How will we identify new COVID variants in the future?

For this, a combination of different kinds of tests, surveys and monitoring is needed to remain on top of COVID and the governments continue to look out for new variants.

“PCR tests have been incredibly useful in tracking the emergence of variants" said Professor Wendy Barclay, Head of Infectious Diseases at Imperial College London

How PCR tests detect new COVID variants?  

When you have a PCR test, your sample goes through three separate PCR reactions in the lab - each looking for a different bit of COVID genetic make-up. For Omicron, one of the three reactions shows up negative.

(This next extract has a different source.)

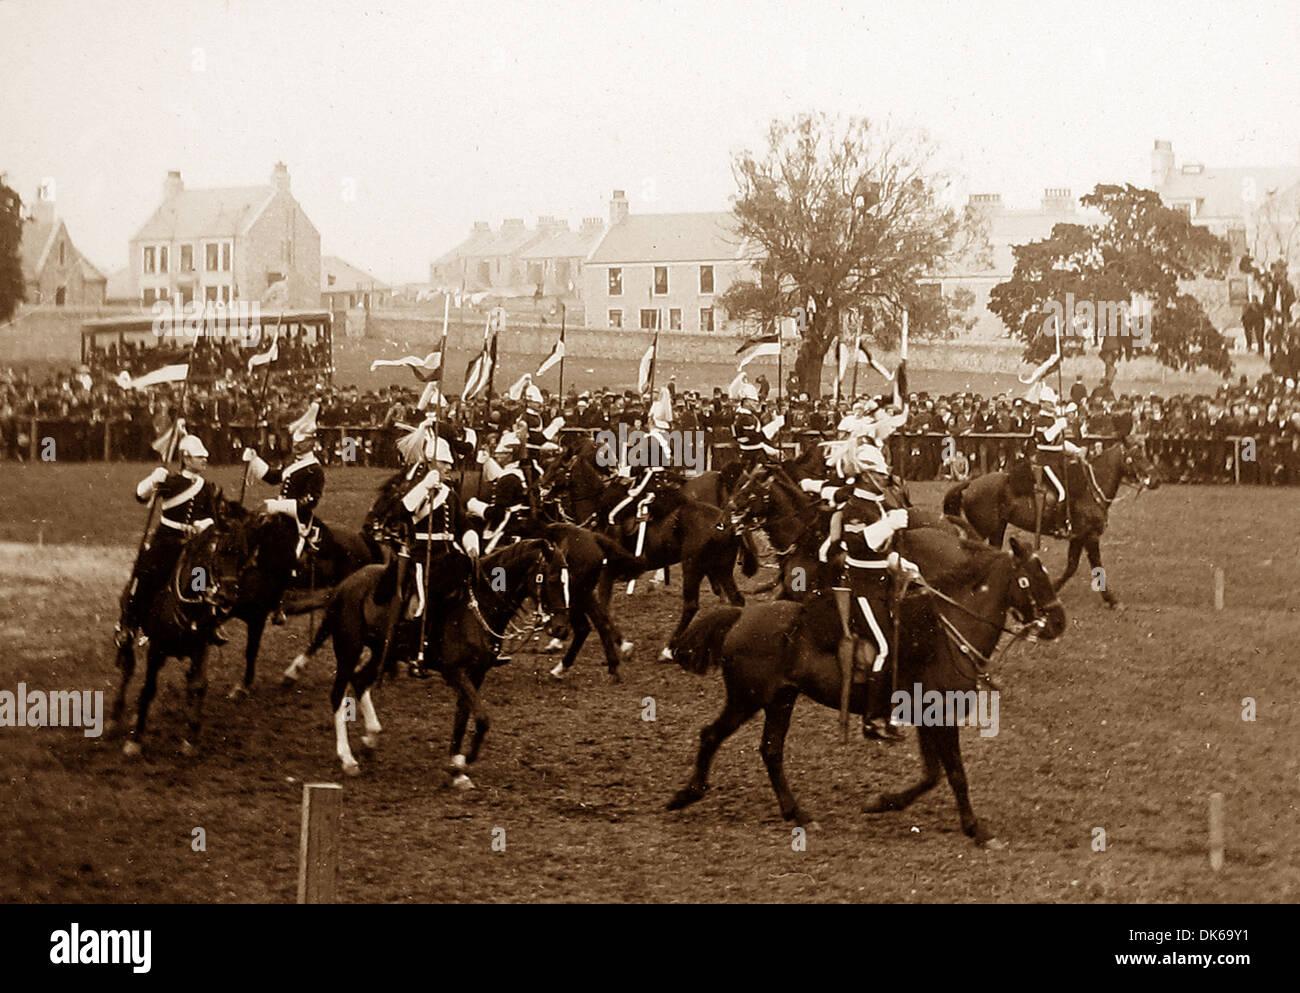 Cavalry Regiment Musical Ride in 1892 - Stock Image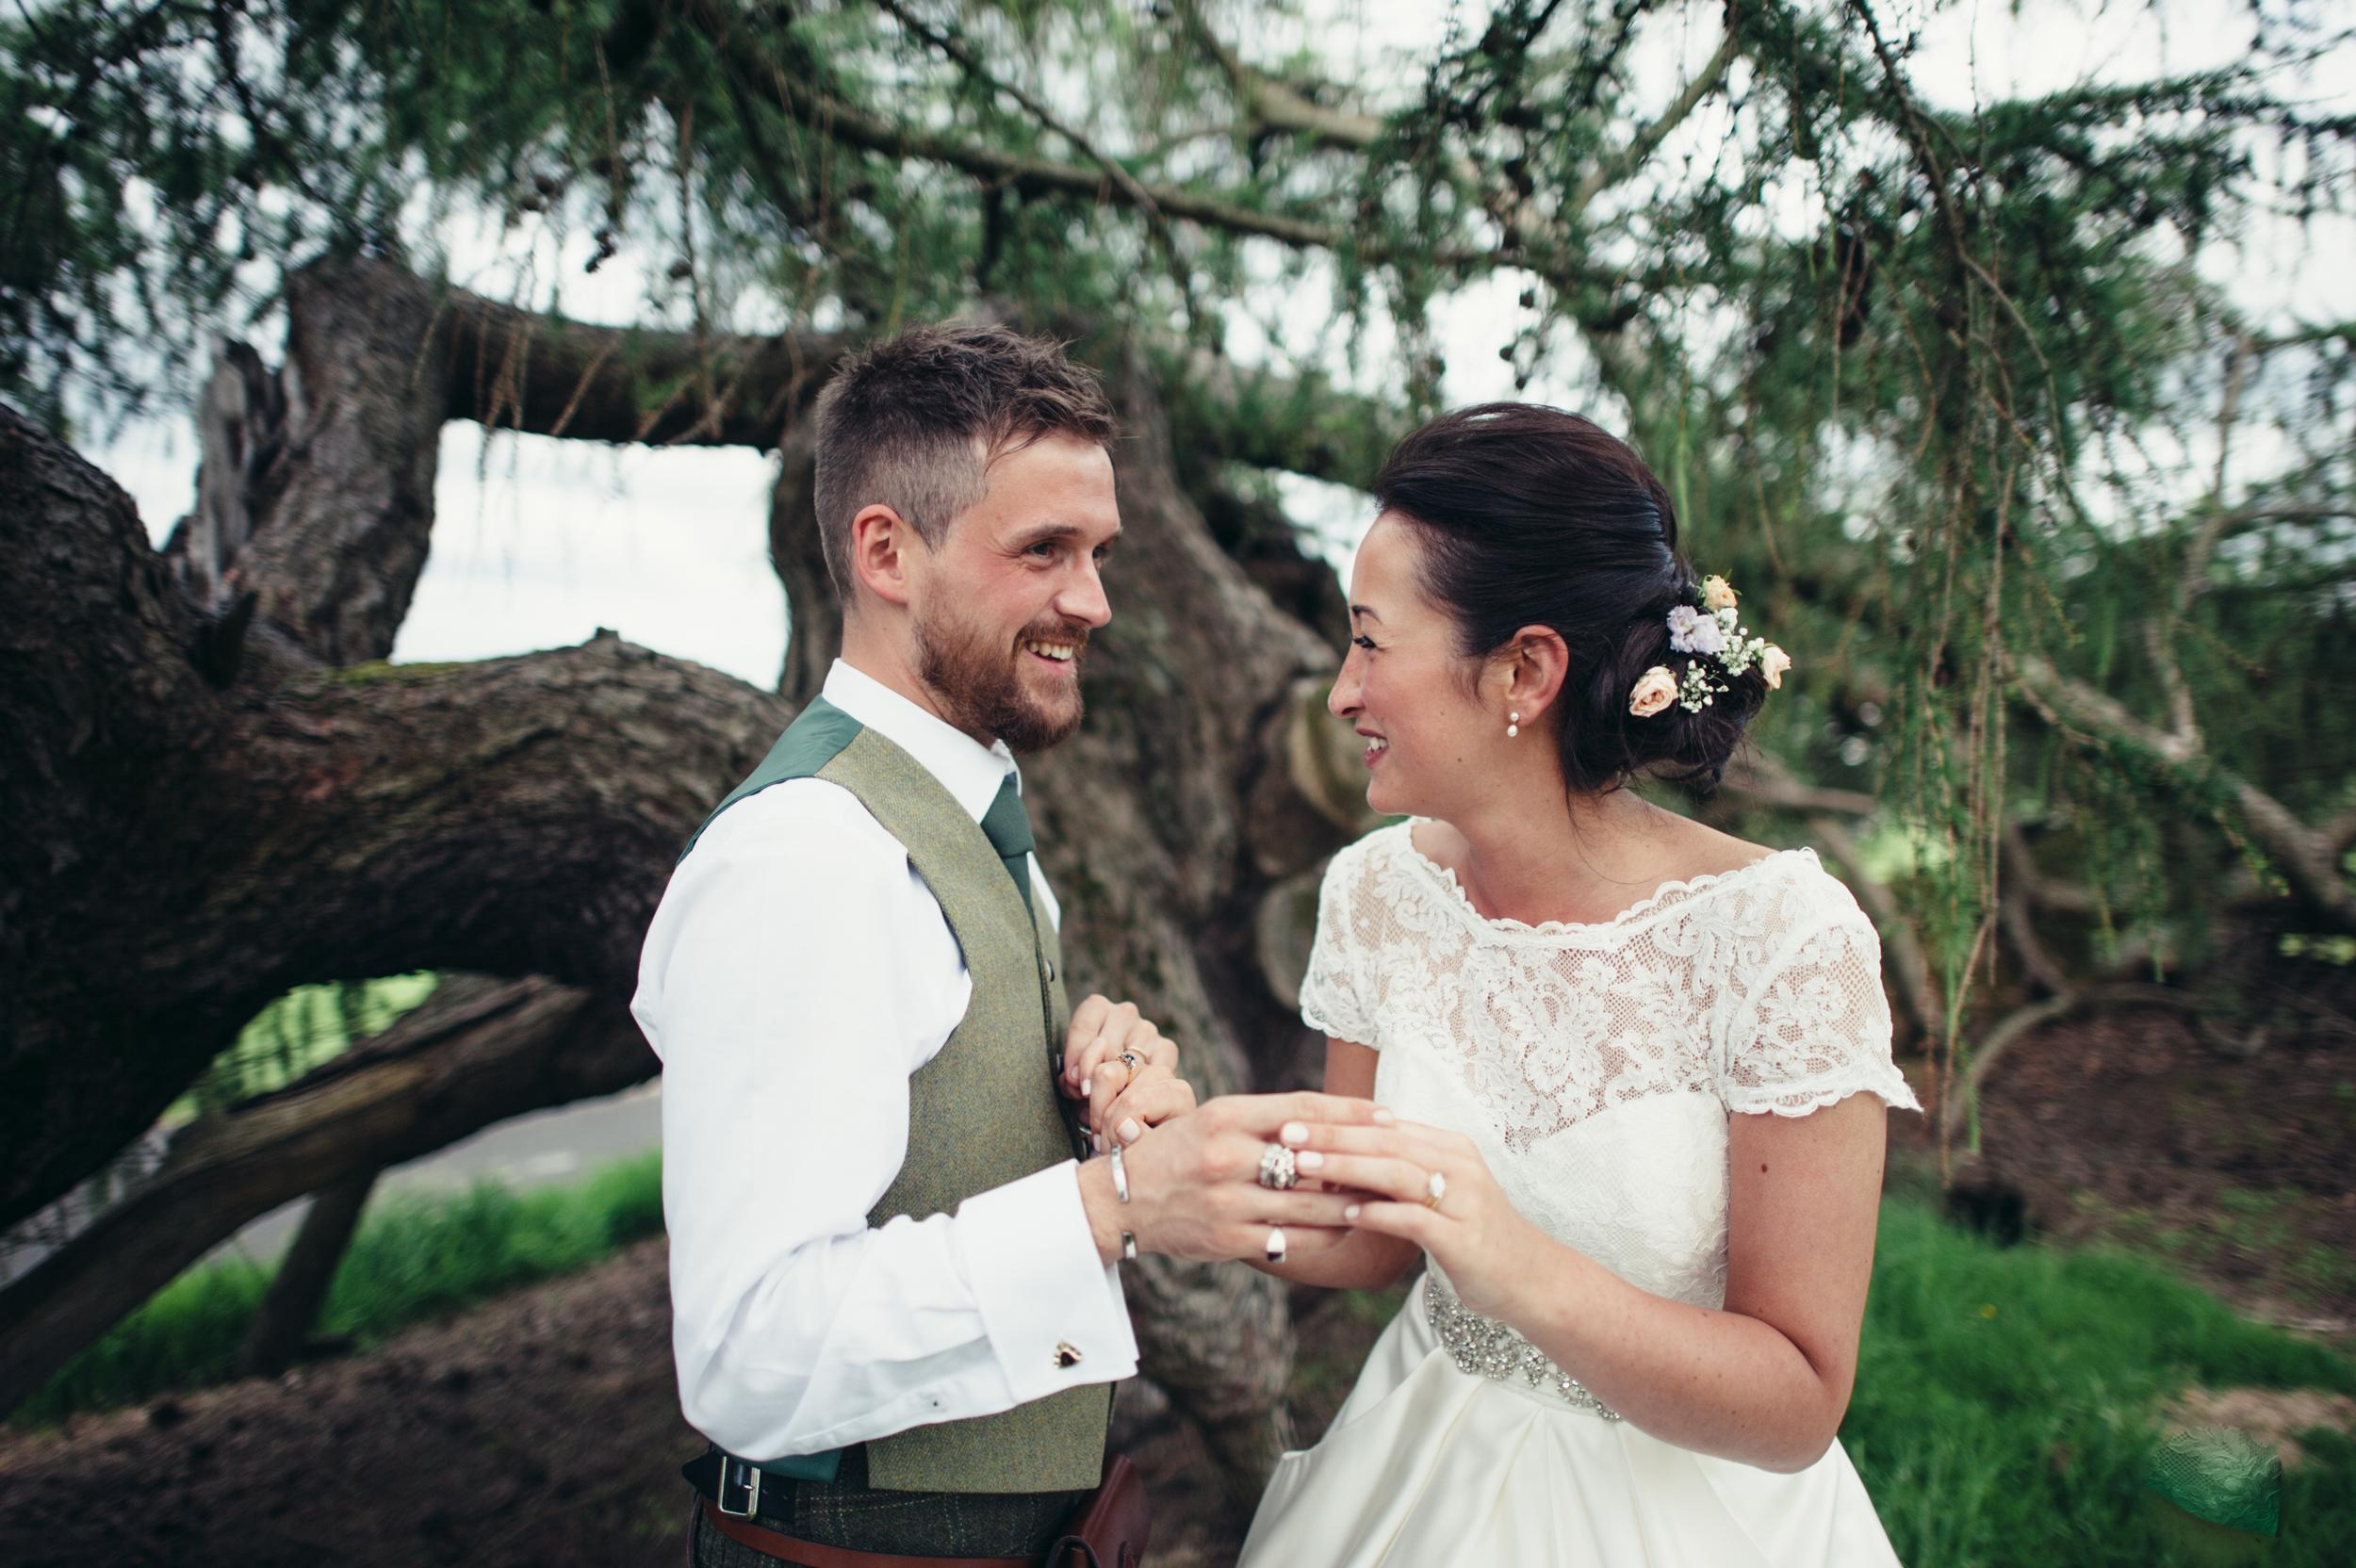 0173-lisa-devine-alternative-creative-wedding-photography-glasgow-edinburgh.JPG

If a new variant has changes in their genetic makeup, the PCR test is able to show COVID is present and give an early indication that it’s different.

“Omicron was picked up in this way and its spread across the UK monitored via PCR tests," Barclay added.

What does Omicron tell us about the future of COVID?

As we learn more about Omicron, there may be changes in how we use vaccines and boosters to best protect the population. 

If Omicron causes a relatively mild infection in most people, especially those who have already had three or four doses of the current vaccines, it becomes important for us to better identify who needs boosters and updated vaccines.

“The next big discussions will be around where we go in terms of protecting future vulnerable people," said Barclay.

How virulent the next COVIvariant will be?

Several studies are still ongoing to explain how might the virus mutate next or whether the vaccines will work against it. 

“This won't be the last variant we see and we don’t know the characteristics of future ones", Barclay said. 

“But thanks to the great uptake of vaccines, we have a good level of base immunity among the public and there’s evidence that even for an antigenic escape (ability to escape our immune system) variant like Omicron being vaccinated reduces the risk of severe disease, hospitalisation and death."